Вечер. На улице темно и страшно, гуляет промозглый осенний ветер. Время плавно приближается к ночи. По слабоосвещенной, близлежащей к окраине улочке, где изо всех возможных фонарей едва ли горит один либо же два, пробирается незнакомец, перепуганный до непередаваемой жути и имеющий неприятную, отталкивающую наружность (таких в просторечии называют бомжами). Мужчина (а он, конечно же, является неким подобием представителя сильного пола) давно уже достиг пятидесятилетнего возраста и, очевидно, много лет назад разочаровался в несостоявшейся жизни, где так и не смог добиться каких-либо значимых результатов. Останавливаясь на его внешности, можно отметить, что, не обладая высоким ростом, отчаявшийся беглец имеет фигуру, вероятно, некогда коренастую, но вместе с тем и исхудалую, сломленную длительными невзгодами, а еще, что кажется в ней примечательным, она обозначается очень уж неприятным видом: особо выделяется давно немытая круглая голова, нисколько не умаляющая первого впечатления (она всклокочена, волосы когда-то, видимо, были рыжими, но уже давно уже поседели и переходят в точно такую же неприятную бороду); глаза расширены от охватившего страха, вырисовываются необычайно ярким, голубоватым цветом, сравнимым разве что с водной гладью чистого озера, и не выражают в наступивший момент ничего, кроме одного беспредельного, можно сказать, животного ужаса (выражение отлично передается чересчур яркой окраской радужки, граничащей с невероятными по белизне глазными склерами); само же лицо покрыто черной, въевшейся в кожу омерзительной коркой; одет он (как раз для позднего осеннего времени) в нестиранную матерчатую фуфайку, буквально пропитанную грязным, серо-черным оттенком, и такие же в точности брюки; на ногах обуты солдатские ботинки, разваливающиеся от долгой службы и отличающиеся отклеившейся подошвой и полностью отсутствующими шнурками (здесь можно лишь удивляться, как носимые предметы обуви до сих пор еще не свалились); шапка отсутствует.

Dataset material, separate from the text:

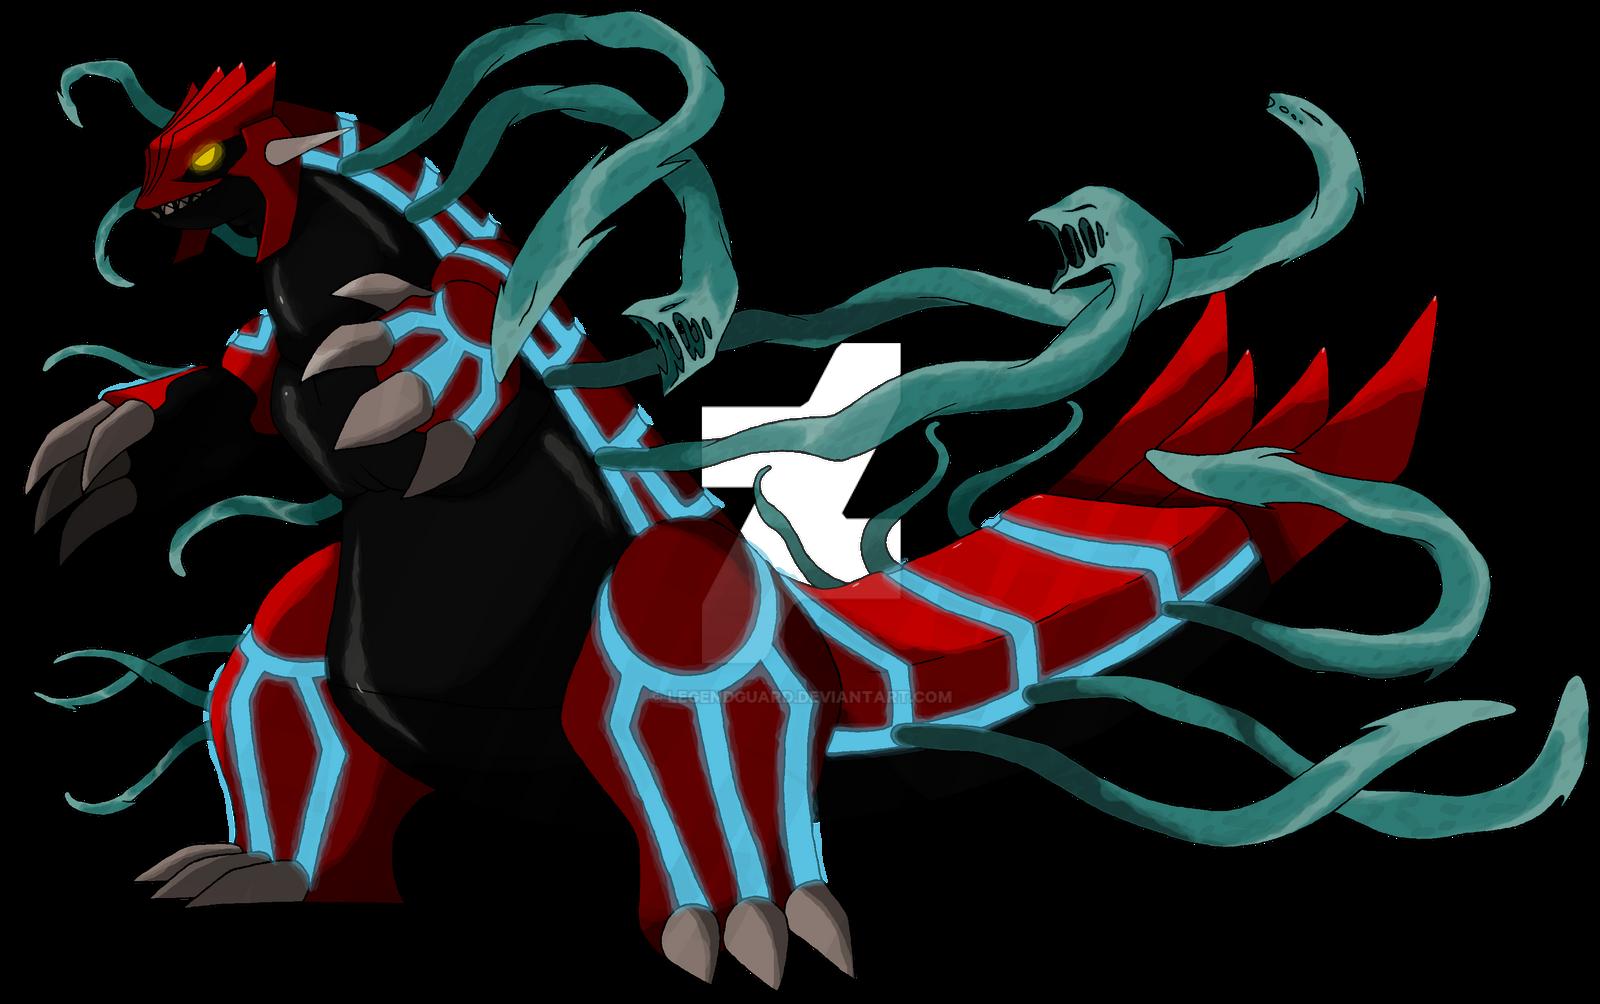 Groudon Virus Form v1 [Being remade] by legendguard on DeviantArt

Прихрамывая на правую ногу, «человекоподобное существо», не переставая таращить безумные зенки, выпученные от жути и блестящие в темноте сверкающими белками, постоянно оглядывается назад, как бы опасаясь чего-то кошмарного, что, несомненно, преследует его сзади. Однако на улице в основном тихо и не видно ни единого человека, пусть даже и непроизвольно оказавшегося на отдаленной окраине; принимая же во внимание отчужденность интересующей местности, не слышатся и звуки обычной городской жизни, такие, скажем, как проезжающий автотранспорт либо разговоры случайных прохожих; только где-то в отдалении раздается возбужденный лай остервенелой собаки, встревоженной каким-то необычным явлением. Мужчина очень устал, о чем отчетливо свидетельствуют его учащенная, отдающая сиплым тоном отдышка, почти непрекращающийся кашель и с огромным трудом передвигающиеся конечности. Не наблюдая за собой преследования, он останавливается и начинает вертеть лохматой головой, поворачивая ее из стороны в сторону, словно бы ожидая какого-то неожиданного подвоха, наполненного жутью и явно для него не очень приятного. Он стоит посередине пустынной улочки, простирающейся в длину на расстояние не менее километра, где в центре располагается асфальтированная дорога, способная вместить на своей ширине не более одного транспортного средства за раз, а по бокам – и с той и с другой стороны – выстроены в два ряда одноэтажные новехонькие постройки, не указывающие на слишком большую состоятельность жителей; такой вывод напрашивается из-за их небольших размеров (они явно не являются коттеджного типа), а еще и обладают небольшой приусадебной территорией и не отличаются значительной дороговизной железных разноцветных заборов.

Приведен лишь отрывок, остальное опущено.